In the fall of 1852, Multnomah ran on the route from Portland up the Columbia River to the Cascades of the Columbia, under the command of Captain Fauntleroy. In 1853, Multnomah was returned to the Portland-Oregon City route under Capt Richard Hoyt Sr. In late 1852, Multnomah, advertised as the "new and splendid steamer", made connections in Portland with the Lot Whitcomb, with Multnomah carrying traffic between Portland and Oregon City, and Lot Whitcomb running between Portland and Astoria. Multnomah was advertised as embarking Oregon City passengers bound for the Whitcomb at 3:00 p.m. on Mondays and 7:30 a.m. on Wednesdays. George Abernethy was Multnomahs agent in Oregon City. Fares could be paid to Abernathy at his store or to the captain on board Multnomah.

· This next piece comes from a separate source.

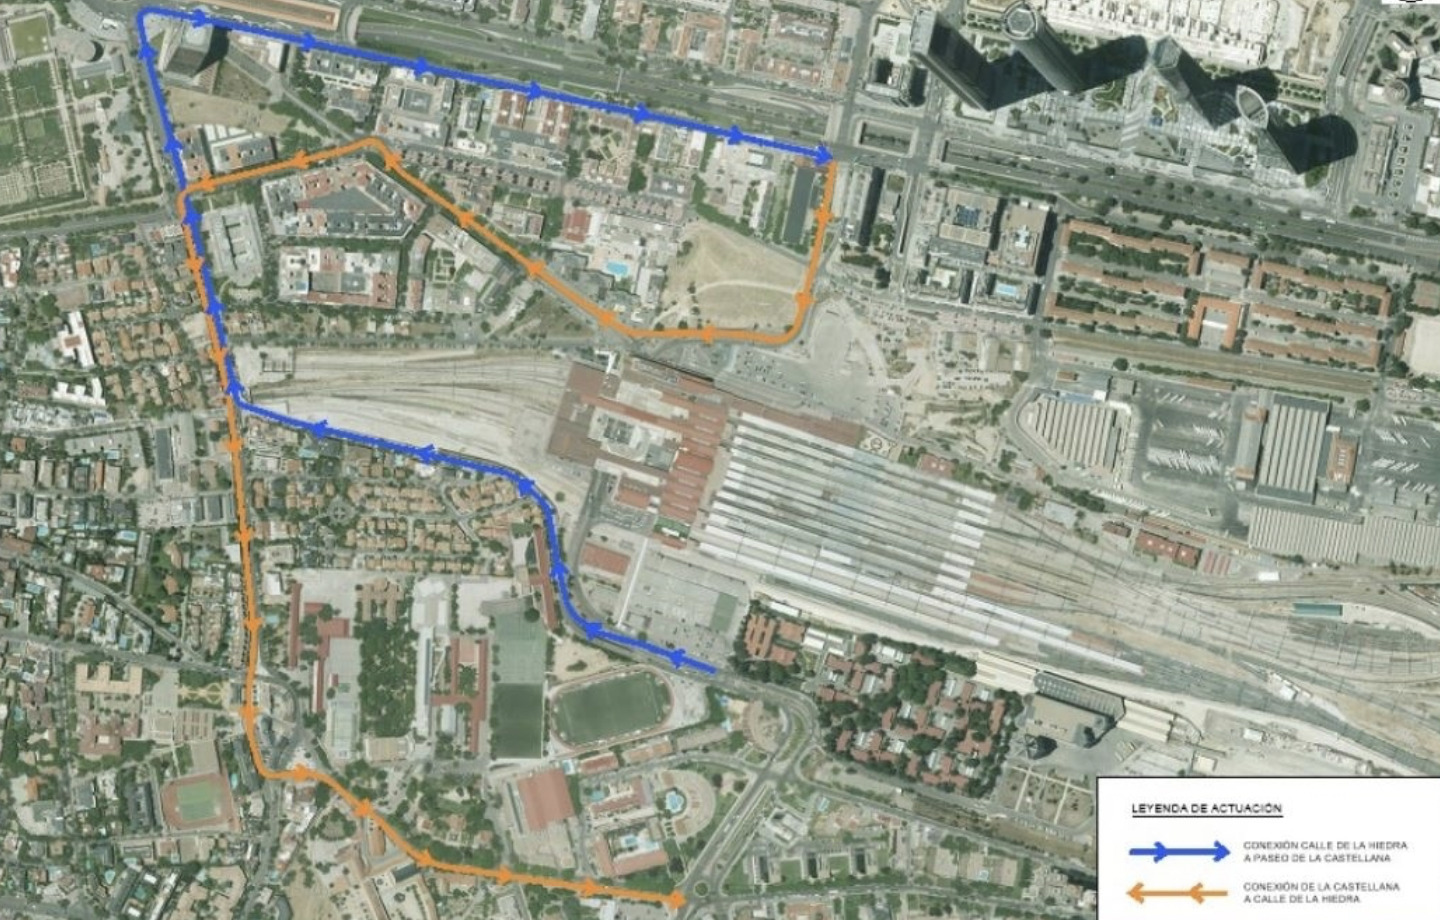 Adif begins new phase of work at Chamartín-Clara Campoamor station

Competition was fierce among the steamboats on the lower Willamette in the early 1850s. To keep rates up, George S. Hoyt, owner of Multnomah and Alexander S. Murray, owner of the sidewheeler Portland formed the first steamboat combination on the river. In 1854 Richard Hoyt Sr. bought Multnomah and put the vessel on the Portland-Astoria run, where he had the mail contract. During Hoyt's ownership, Multnomah was used mainly on the lower Columbia, that is, the stretch of the river running from Astoria to the Cascades, and also up the Willamette Portland. In 1859, Hoyt chartered the vessel to Captain Molthorp, who ran it briefly again on the Portland-Oregon City route. Hoyt remained the owner of Multnomah until he died in 1862. After Hoyt died, Multnomah was sold to the Oregon Steam Navigation Company.

Multnomah was considered the fastest vessel on the river in the early 1850s, and once was able to travel the 18 mi from Portland to Vancouver, WT in one hour 20 minutes, then considered a speedy trip.

== Captains ==
Captains of Multnomah included John H. Couch, Richard Hoyt Sr., Henry L. Hoyt, John McNulty, William E Molthrop, and Fauntleroy. Pursers included M.B. Miller, J.M. Gillman, J.M. Breck Richard Hoyt Jr. and others.

== Disposition ==
Multnomah was dismantled in 1864 at Portland.